Re: [PATCH v5 bpf-next 2/4] bpf: Recognize that two registers are safe when their ranges match

Andrii Nakryiko <andrii.nakryiko@xxxxxxxxx> · Tue, 5 Mar 2024 13:57:10 -0800

On Tue, Mar 5, 2024 at 1:18 PM Alexei Starovoitov
<alexei.starovoitov@xxxxxxxxx> wrote:
>
> On Tue, Mar 5, 2024 at 11:03 AM Andrii Nakryiko
> <andrii.nakryiko@xxxxxxxxx> wrote:
> >
> > On Mon, Mar 4, 2024 at 8:52 PM Alexei Starovoitov
> > <alexei.starovoitov@xxxxxxxxx> wrote:
> > >
> > > From: Alexei Starovoitov <ast@xxxxxxxxxx>
> > >
> > > When open code iterators, bpf_loop or may_goto is used the following two states
> > > are equivalent and safe to prune the search:
> > >
> > > cur state: fp-8_w=scalar(id=3,smin=umin=smin32=umin32=2,smax=umax=smax32=umax32=11,var_off=(0x0; 0xf))
> > > old state: fp-8_rw=scalar(id=2,smin=umin=smin32=umin32=1,smax=umax=smax32=umax32=11,var_off=(0x0; 0xf))
> > >
> > > In other words "exact" state match should ignore liveness and precision marks,
> > > since open coded iterator logic didn't complete their propagation,
> > > but range_within logic that applies to scalars, ptr_to_mem, map_value, pkt_ptr
> > > is safe to rely on.
> > >
> > > Avoid doing such comparison when regular infinite loop detection logic is used,
> > > otherwise bounded loop logic will declare such "infinite loop" as false
> > > positive. Such example is in progs/verifier_loops1.c not_an_inifinite_loop().
> > >
> > > Signed-off-by: Alexei Starovoitov <ast@xxxxxxxxxx>
> > > ---
> >
> > You haven't updated stacksafe() to work with enums (the code still
> > assumes bool), please adjust.
>
> great catch.
>
> > pw-bot: cr
> >
> > Also, I wonder if we actually need three cases. We need EXACT only for
> > infinite loop detection, right? I wonder if that infinite loop
> > detection is actually that useful in practice, I rarely encounter it
> > (if at all), and it constantly causes issues.
> >
> > What if we just dropped infinite loop detection logic altogether and
> > have NOT_EXACT vs RANGE_WITHIN logic only?
>
> The infinite loop logic is for better user experience.
> With:
> time ./test_verifier 145
> #145/p calls: conditional call 6 OK
> Summary: 1 PASSED, 0 SKIPPED, 0 FAILED
>
> real    0m0.191s
> user    0m0.001s
> sys    0m0.053s
>
> without (on prod kernel):
> time ./test_verifier 145
> #145/p calls: conditional call 6 FAIL
> Unexpected error message!
>     EXP: infinite loop detected
>     RES: BPF program is too large. Processed 1000001 insn
> verification time 5182443 usec
> stack depth 0+0
> processed 1000001 insns (limit 1000000) max_states_per_insn 4
> total_states 33336 peak_states 33336 mark_read 1
>
> real    0m5.375s
> user    0m0.002s
> sys    0m4.700s
>
> I hope that eventually we can replace the 1M insn limit with
> "if the verifier is making progress, keep going".
> Then states_maybe_looping() will be replaced with something else.
> It should address non-converging bpf_loop/open iterators
> that hit 1M right now while walking the same insns over and over again.
> Something like "did we visit this insn 1k times" may be enough.

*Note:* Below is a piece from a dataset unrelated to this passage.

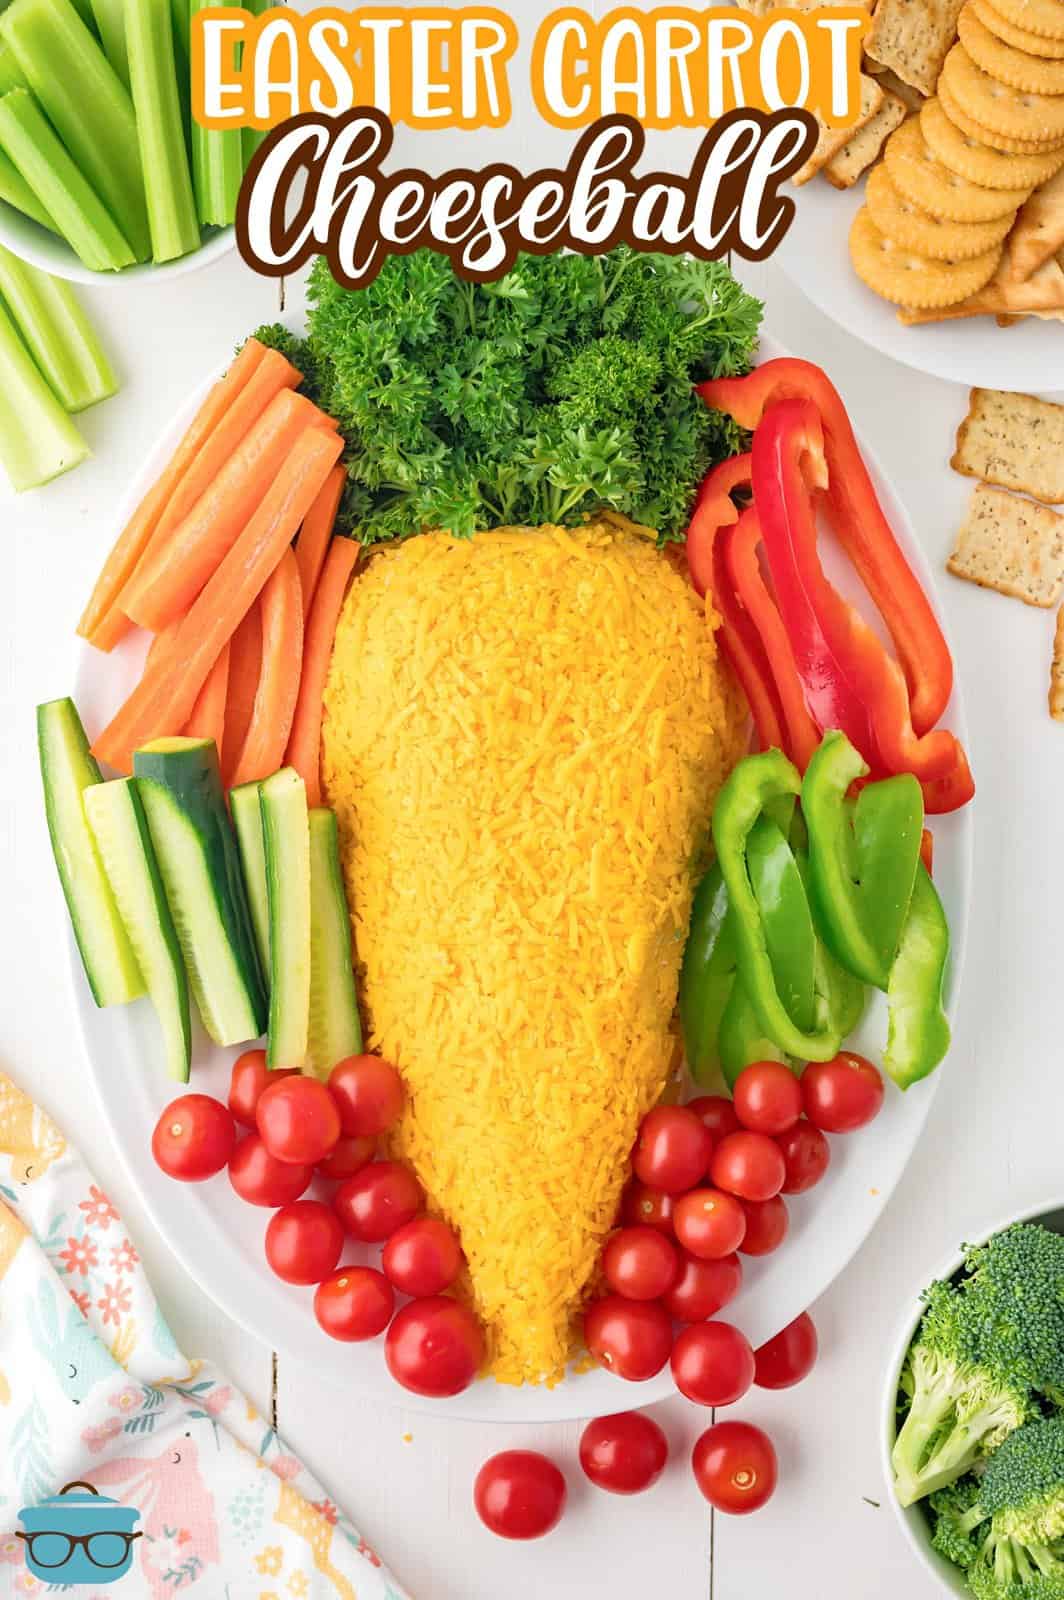 This is a photo of an Easter Carrot Cheeseball on a white plate with vegetables - tomatoes, peppers, broccoli, cucumber and carrot.

Yeah, my hopes were very low for getting rid of that check, but it
always is causing problems... Alright, fine, we'll have to live with a
more complicated tri-state exactness check, unfortunately.

>
> > >  kernel/bpf/verifier.c | 39 ++++++++++++++++++++++-----------------
> > >  1 file changed, 22 insertions(+), 17 deletions(-)
> > >
> > > diff --git a/kernel/bpf/verifier.c b/kernel/bpf/verifier.c
> > > index 226bb65f9c2c..74b55d5571c7 100644
> > > --- a/kernel/bpf/verifier.c
> > > +++ b/kernel/bpf/verifier.c
> > > @@ -16254,8 +16254,8 @@ static int check_btf_info(struct bpf_verifier_env *env,
> > >  }
> > >
> > >  /* check %cur's range satisfies %old's */
> > > -static bool range_within(struct bpf_reg_state *old,
> > > -                        struct bpf_reg_state *cur)
> > > +static bool range_within(const struct bpf_reg_state *old,
> > > +                        const struct bpf_reg_state *cur)
> > >  {
> > >         return old->umin_value <= cur->umin_value &&
> > >                old->umax_value >= cur->umax_value &&
> > > @@ -16419,21 +16419,26 @@ static bool regs_exact(const struct bpf_reg_state *rold,
> > >                check_ids(rold->ref_obj_id, rcur->ref_obj_id, idmap);
> > >  }
> > >
> > > +enum exact_level {
> > > +       NOT_EXACT,
> > > +       EXACT,
> > > +       RANGE_WITHIN
> > > +};
> > > +
> > >  /* Returns true if (rold safe implies rcur safe) */
> > >  static bool regsafe(struct bpf_verifier_env *env, struct bpf_reg_state *rold,
> > > -                   struct bpf_reg_state *rcur, struct bpf_idmap *idmap, bool exact)
> > > +                   struct bpf_reg_state *rcur, struct bpf_idmap *idmap,
> > > +                   enum exact_level exact)
> > >  {
> > > -       if (exact)
> > > +       if (exact == EXACT)
> > >                 return regs_exact(rold, rcur, idmap);
> > >
> > > -       if (!(rold->live & REG_LIVE_READ))
> > > +       if (!(rold->live & REG_LIVE_READ) && exact != RANGE_WITHIN)
> >
> > imo, `exact == NOT_EXACT` is easier to follow (we excluded EXACT above)
>
> ok.
>
> > >                 /* explored state didn't use this */
> > >                 return true;
> > > -       if (rold->type == NOT_INIT)
> > > +       if (rold->type == NOT_INIT && exact != RANGE_WITHIN)
> >
> > ditto
> >
> > >                 /* explored state can't have used this */
> > >                 return true;
> > > -       if (rcur->type == NOT_INIT)
> > > -               return false;
> >
> > do we need to remove this? in which case will it do the wrong thing?
>
> Yes.
> Consider cur-type == rold->type == NOT_INIT exact == RANGE_WITHIN
> and regsafe() will return false, but should return true via:
>         default:
>                 return regs_exact(rold, rcur, idmap);

oh, very subtle and error-prone, so yeah, I like the explicit check below more

>
> Having said that it's better to change above two 'if'-s to
> if (rold->type == NOT_INIT) {
>     if (exact == NOT_EXACT || rcur->type == NOT_INIT)
>       return true;
> }
> to avoid doing regs_exact() for the common case.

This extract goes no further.